Rouletabille walked back and forth, very much worked
up; then suddenly he stopped short.
“Impossible,” he said. “It
is impossible. I cannot; I am not able to go
yet.”
“Why?”
“Good God, Monsieur Koupriane, because I have
to interview the President of the Duma yet, and complete
my little inquiry into the politics of the cadets.”
“Oh, indeed!”
Koupriane looked at him with a sour grin.
“What are you going to do with that man?”
demanded Rouletabille.
“Have him fixed up first.”
“And then?”
“Then take him before the judges.”
“That is to say, to the gallows?”
“Certainly.”
“Monsieur Koupriane, I offer it to you again.
Life for life. Give me the life of that poor
devil and I promise you General Trebassof’s.”
“Explain yourself.”
“Not at all. Do you promise me that you
will maintain silence about the case of that man and
that you will not touch a hair of his head?”
Koupriane looked at Rouletabille as he had looked
at him during the altercation they had on the edge
of the Gulf. He decided the same way this time.
“Very well,” said he. “You
have my word. The poor devil!”
“You are a brave man, Monsieur Koupriane, but
a little quick with the whip...”
“What would you expect? One’s work
teaches that.”
“Good morning. No, don’t trouble
to show me out. I am compromised enough already,”
said Rouletabille, laughing.
“Au revoir, and good luck! Get to work
interviewing the President of the Duma,” added
Koupriane knowingly, with a great laugh.
But Rouletabille was already gone.
“That lad,” said the Chief of Police aloud
to himself, “hasn’t told me a bit of what
he knows.”
ANNOUCHKA
“And now it’s between us two, Natacha,”
murmured Rouletabille as soon as he was outside.
He hailed the first carriage that passed and gave
the address of the datcha des Iles. When he got
in he held his head between his hands; his face burned,
his jaws were set. But by a prodigious effort
of his will he resumed almost instantly his calm,
his self-control. As he went back across the
Neva, across the bridge where he had felt so elated
a little while before, and saw the isles again he
sighed heavily. “I thought I had got it
all over with, so far as I was concerned, and now
I don’t know where it will stop.”
His eyes grew dark for a moment with somber thoughts
and the vision of the Lady in Black rose before him;
then he shook his head, filled his pipe, lighted it,
dried a tear that had been caused doubtless by a little
smoke in his eye, and stopped sentimentalizing.

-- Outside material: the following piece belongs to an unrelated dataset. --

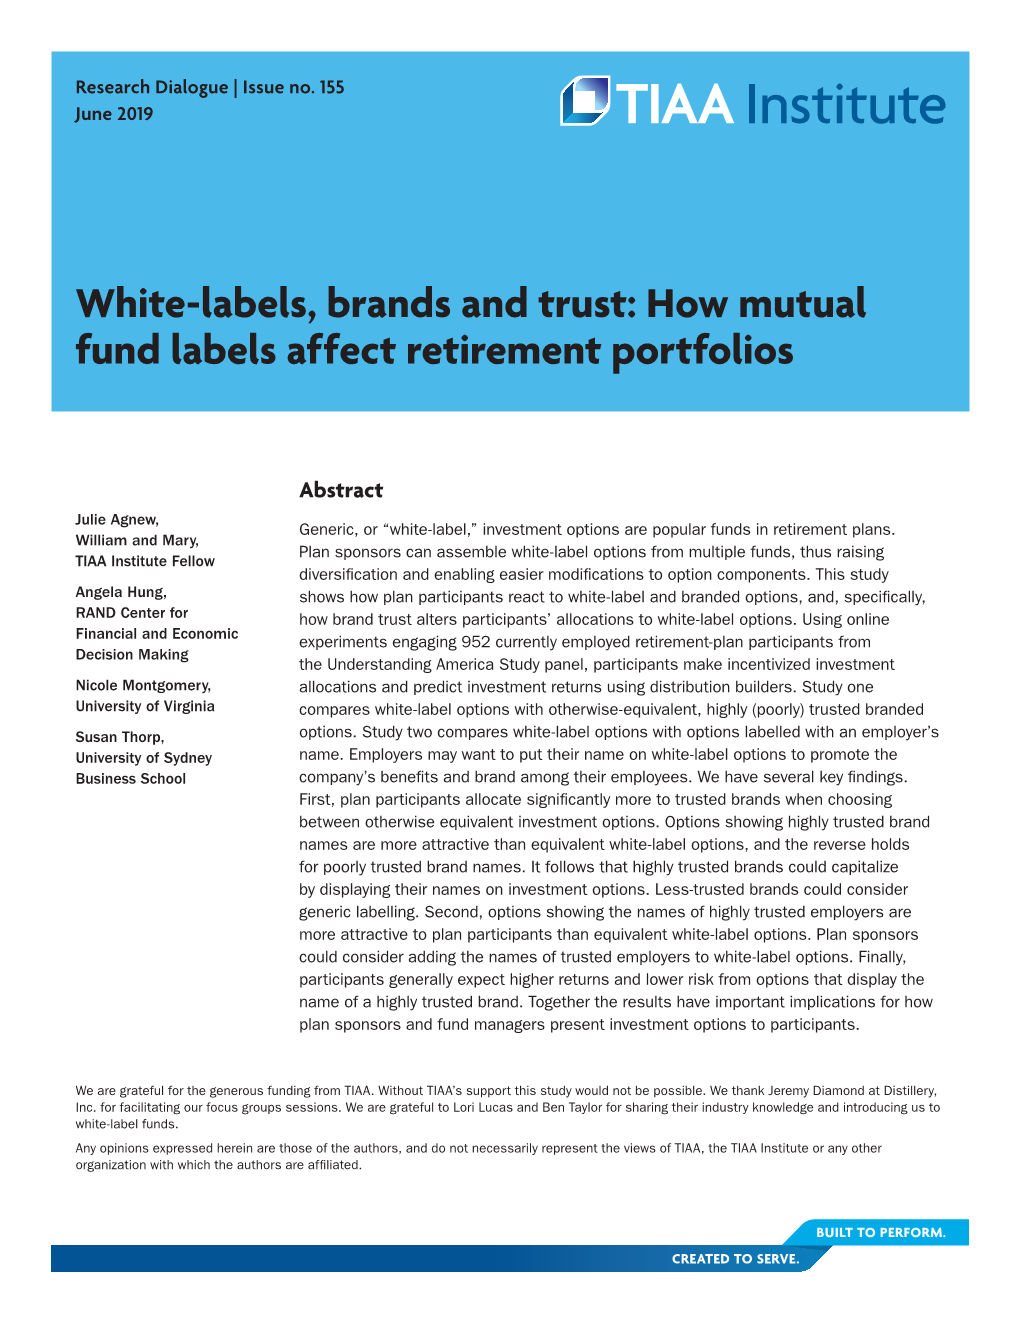 White-Labels, Brands and Trust: How Mutual Fund Labels Affect Retirement Portfolios

A quarter of an hour later he gave a true Russian
nobleman’s fist-blow in the back to the coachman
as an intimation that they had reached the Trebassof
villa. A charming picture was before him.
They were all lunching gayly in the garden, around
the table in the summer-house. He was astonished,
however, at not seeing Natacha with them. Boris
Mourazoff and Michael Korsakoff were there.
Rouletabille did not wish to be seen. He made
a sign to Ermolai, who was passing through the garden
and who hurried to meet him at the gate.